I look at him. To say the least, he did not notice my tapping. His face is almost passionate with genuine concern, but he’s not in love with me and my strange lucid moments.

“Oh, she’s doing all right.” In truth, she went back to the hospital two days after we left, and she’s getting worse all the time. The distressing expression doesn’t fade from Henry’s face. Suddenly, I feel guilty. He had wanted the truth!

But somehow Justin is standing beside me. He says, “You know we went down to see her a few weeks ago, when she was first hospitalized?” What a cannonball of a statement. Justin is going to tell Henry the truth for me, because I was too pathetic to do so.
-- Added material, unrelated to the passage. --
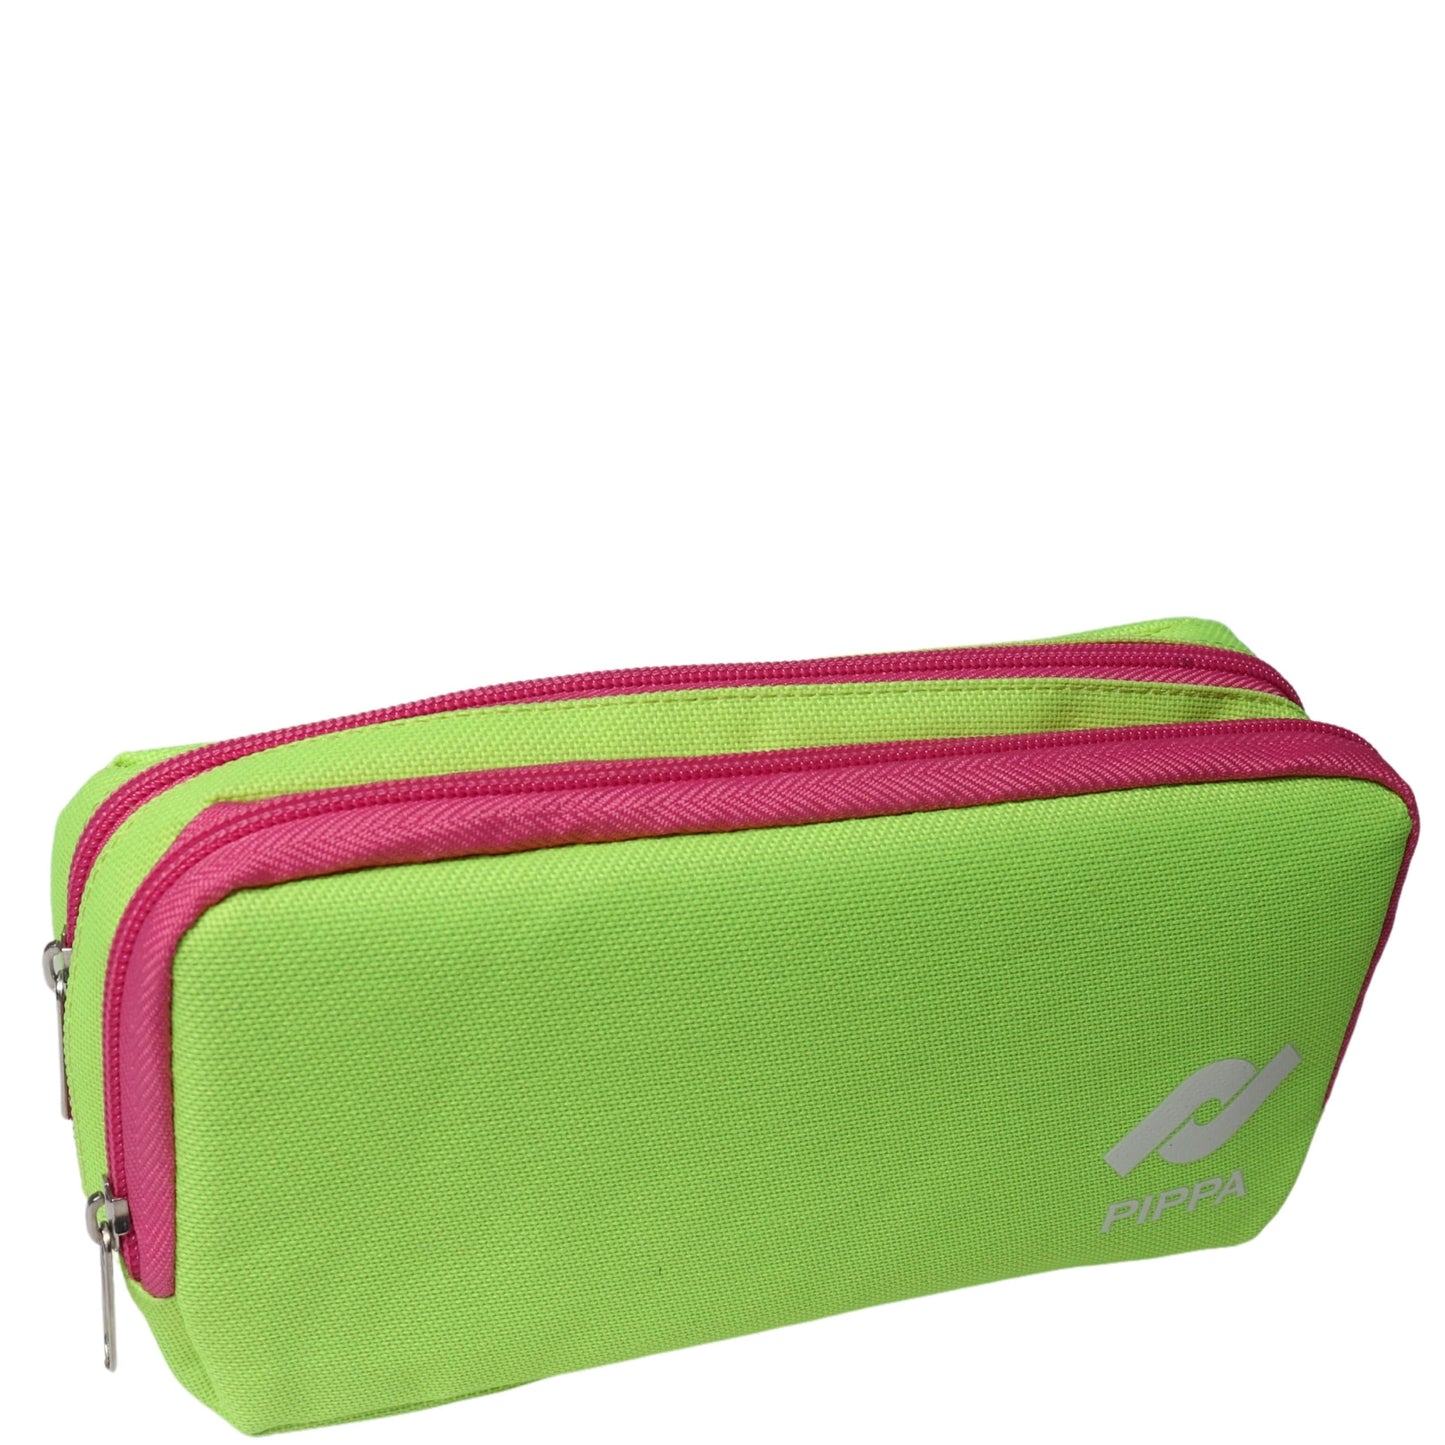 PIPPA School Bags & Supplies Green PIPPA - Pencil Case 2 Zippers

My husband will not laugh, now, but his eyes still twinkle. Perhaps his twinkling hadn’t been laughter at all.

Henry nods. His eyebrows are furrowed. Henry has never met my mother. His mother has lived in an annex of his house ever since Henry’s father died maybe ten years ago.

Justin continues, “She was out of the hospital when we left, doing really well. She really seemed very upbeat and optimistic. But she had another breakdown right after we got home. She’s been in the hospital since.”

Henry shakes his head a few times. You know that gesture, but you haven’t seen it on Henry Fry. He has his head down a little, and shadows make the bags under his eyes look darker. His dark grey hair falls over his forehead. He looks younger that way. Back and forth he shakes his head. Abruptly, he looks up and stares into my eyes to say, “Reyna, I’m so sorry.”

I could say, Thank you, or perhaps, No, but I don’t. I sort of nod. I realize that I am allowing the silence to become awkward, and then I feel awkward, and then Henry notices, too, and he feels awkward. Still he does not speak. If awkward, then genuinely awkward, I suppose. I feel bad about seeing the silence coming. Oh, I saw Henry running around all wet. And, you know, I haven’t used the pool since the first day we put water in it. Justin swims laps in the mornings.

When everyone is gone, Justin and I sit a moment at the table and watch the pool shiver. Earlier we lit torches to keep the bugs away, and now the water reflects their light elegantly. Route 12 rumbles contentedly in the background. My knees are tired from standing and happy about sitting. Justin sighs and says, “Good party.”

“Mm.”

“You ready to clean up?”

“Hm…yeah.” We push back from the table and hoist ourselves out of our seats. Chairs on tiles, and the fragile children of dandelions plucked loose by wind—I think of my mother. While Justin folds chairs, I collect glasses. I hold the glasses by the rims, two in each hand and one tucked in my elbow. I hold the glasses by the rims, two in each hand and one tucked in my elbow. It’s me here, with so many glasses. I am holding all these glasses. It’s not so miraculous. I laid out these glasses. We messed them up. Now I will take them inside. Clean them and put them away. That’s life. These glasses, hooked up to all parts of my arms, are life. Is that it?